Provided records:
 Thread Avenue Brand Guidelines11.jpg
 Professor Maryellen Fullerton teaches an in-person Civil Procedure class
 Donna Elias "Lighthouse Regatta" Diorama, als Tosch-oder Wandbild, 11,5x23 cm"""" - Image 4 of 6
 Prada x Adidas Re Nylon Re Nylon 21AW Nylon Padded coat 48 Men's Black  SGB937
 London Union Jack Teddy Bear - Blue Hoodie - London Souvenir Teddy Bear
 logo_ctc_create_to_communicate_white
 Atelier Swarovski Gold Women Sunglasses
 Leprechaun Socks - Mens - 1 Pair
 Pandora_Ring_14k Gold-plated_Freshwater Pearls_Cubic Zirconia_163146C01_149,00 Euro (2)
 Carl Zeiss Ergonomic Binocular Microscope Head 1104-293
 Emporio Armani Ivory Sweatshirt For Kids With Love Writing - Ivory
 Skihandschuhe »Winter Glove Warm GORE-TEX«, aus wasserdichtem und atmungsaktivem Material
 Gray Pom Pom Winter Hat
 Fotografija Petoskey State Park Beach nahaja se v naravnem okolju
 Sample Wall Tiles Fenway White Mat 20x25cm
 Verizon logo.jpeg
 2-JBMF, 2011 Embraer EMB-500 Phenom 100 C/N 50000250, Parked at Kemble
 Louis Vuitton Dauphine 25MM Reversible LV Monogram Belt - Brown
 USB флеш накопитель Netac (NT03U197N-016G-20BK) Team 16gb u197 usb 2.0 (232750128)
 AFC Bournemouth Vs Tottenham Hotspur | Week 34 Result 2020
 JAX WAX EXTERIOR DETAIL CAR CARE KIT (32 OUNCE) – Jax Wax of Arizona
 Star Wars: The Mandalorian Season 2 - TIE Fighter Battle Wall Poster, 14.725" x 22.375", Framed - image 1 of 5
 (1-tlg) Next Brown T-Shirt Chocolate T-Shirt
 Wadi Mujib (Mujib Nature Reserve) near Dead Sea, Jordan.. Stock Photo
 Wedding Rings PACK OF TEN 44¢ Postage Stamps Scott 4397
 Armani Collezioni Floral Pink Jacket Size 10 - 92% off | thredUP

Activity: Your answer should consist of the lines from the listing that hold the word "Winter".

The answer:
 Skihandschuhe »Winter Glove Warm GORE-TEX«, aus wasserdichtem und atmungsaktivem Material
 Gray Pom Pom Winter Hat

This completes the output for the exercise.